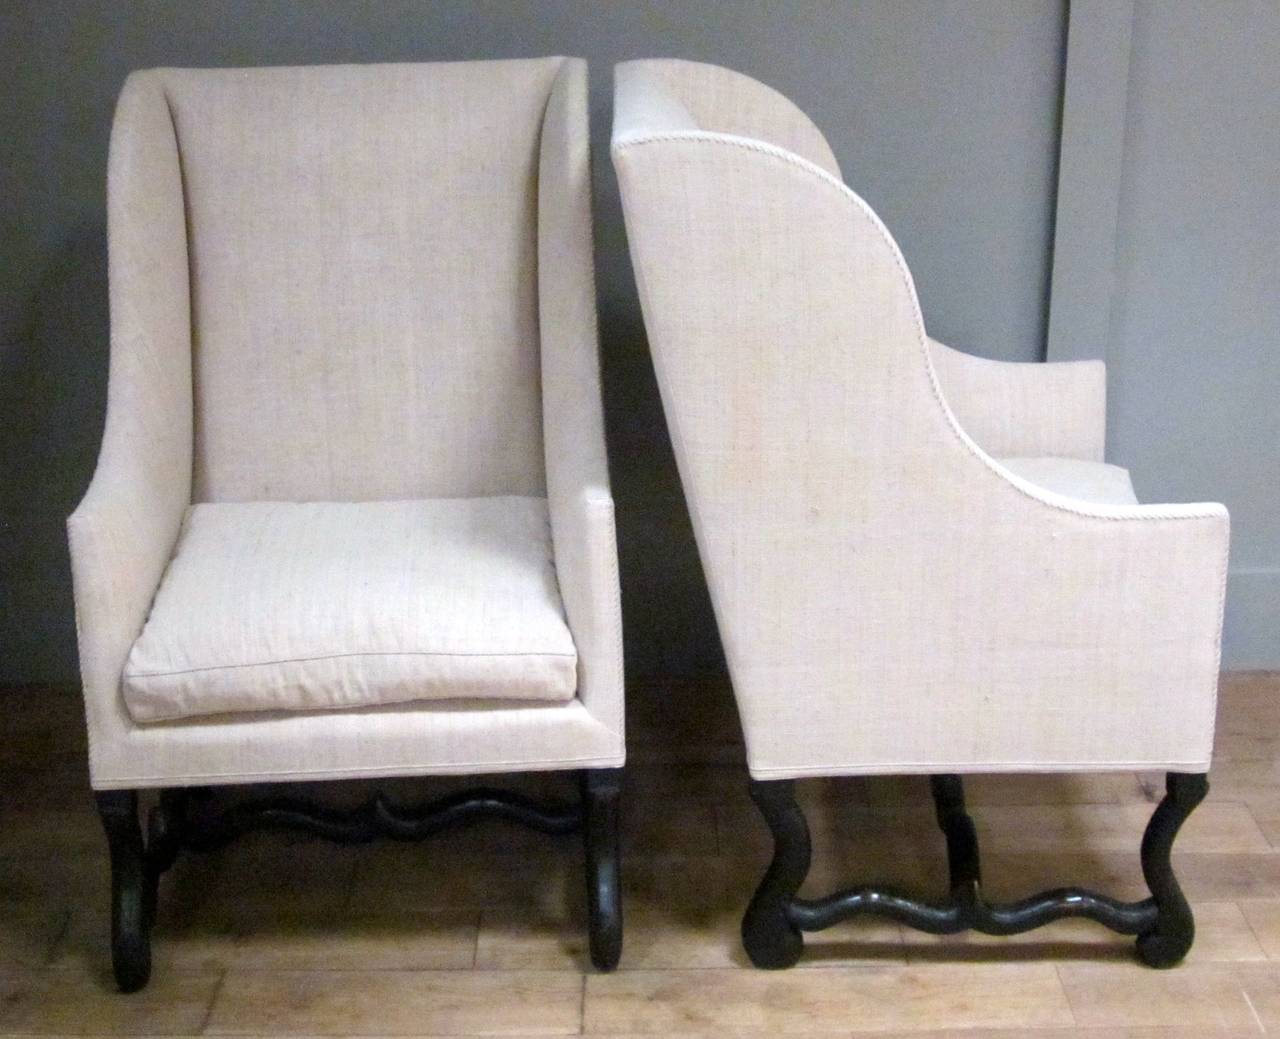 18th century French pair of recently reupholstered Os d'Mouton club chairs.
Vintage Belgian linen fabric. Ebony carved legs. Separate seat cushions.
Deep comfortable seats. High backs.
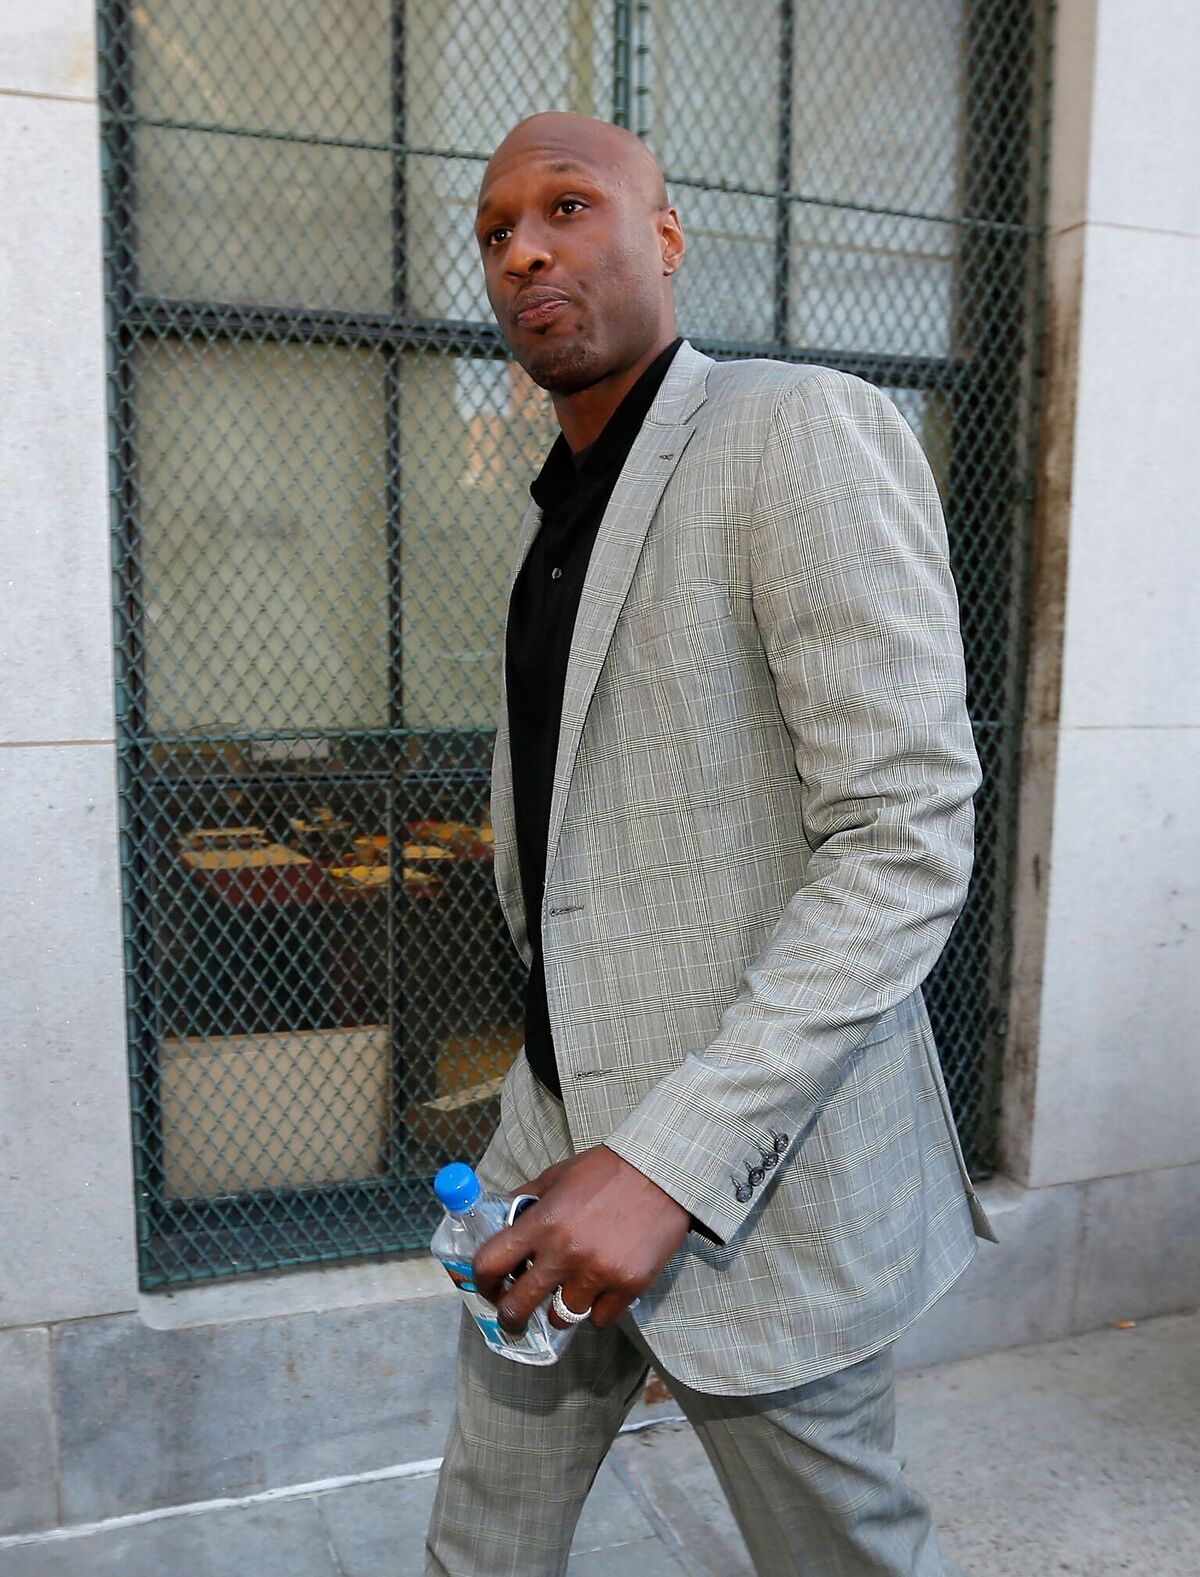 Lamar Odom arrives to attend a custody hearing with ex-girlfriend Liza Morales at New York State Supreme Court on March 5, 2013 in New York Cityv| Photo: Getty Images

WHAT IS EXPECTED
Each line of the data should be printed again exactly. Please leave pictures out.

YOUR SOLUTION
 18th century French pair of recently reupholstered Os d'Mouton club chairs.
Vintage Belgian linen fabric. Ebony carved legs. Separate seat cushions.
Deep comfortable seats. High backs.
 Lamar Odom arrives to attend a custody hearing with ex-girlfriend Liza Morales at New York State Supreme Court on March 5, 2013 in New York Cityv| Photo: Getty Images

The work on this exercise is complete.